It just seems obvious to me that the real problem here is not with high insurance premiums but with the actual cost of health care.
Most of the members of Congress who created Obamacare just don’t seem to have understood the fact that insurance premiums are driven by actual costs.
When costs rise, insurance premiums must rise.
There was very little attention paid to actual costs in the Obamacare bill. The drafters seemed to want to demonize the insurance companies, and, while doing that, overlooked the real health care cost culprit: The cost of care.
The profit margin of insurance companies is among the lowest for any industry.
When you look at some of the underlying health care costs, it’s understandable that insurance premiums are very high.
Until the consumer becomes more involved in the cost of care the costs will continue to rise. If a consumer pays only $25 to $30 for a $300 prescription, the consumer really doesn’t care what the actual cost of the prescription is.

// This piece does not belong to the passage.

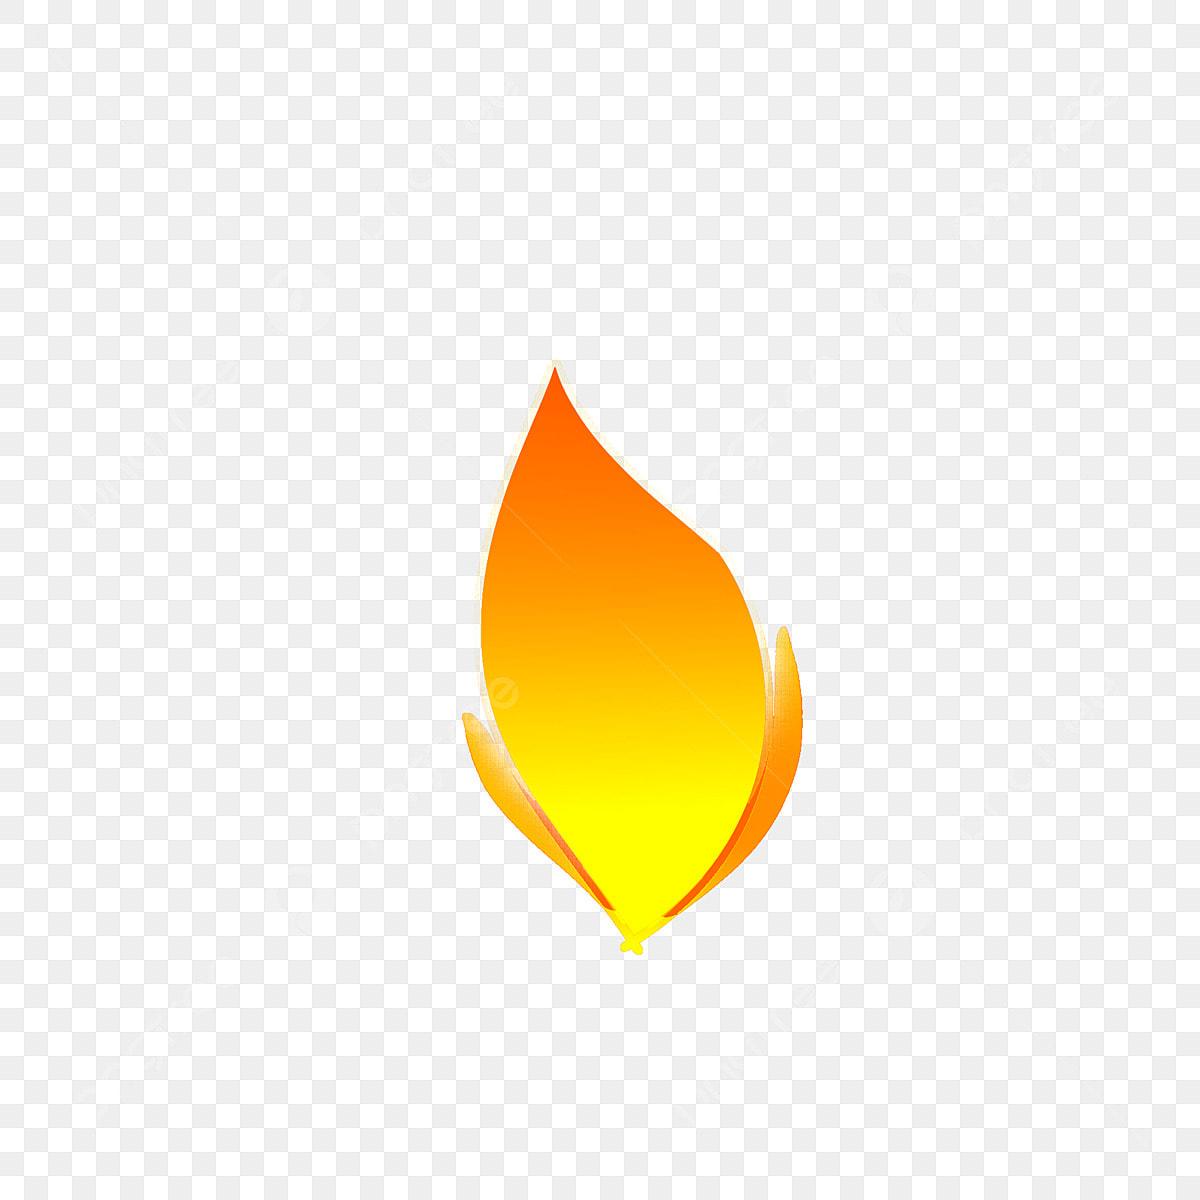 Die Flamme Der Kerze Die Flammen Material Png Png Und Psd

The same is true for hospital costs.
I recently handled a claim for a policyholder. Let’s call the policyholder “Jane.” (I’m changing a lot of the details here to protect the policyholder’s privacy.) Jane was 57-year-old female who had a heart attack. She died one day after the suffered the heart attack, and her total bill was almost $350,000.
It seems virtually impossible that two days of health care could cost that much.
The insurance company, of course, paid the majority of the bill. Guess what? The cost of that claim is ultimately passed along to the consumer in the form of higher rates.
It’s just really scary that legislators are making all the rules about something of which they have very little knowledge.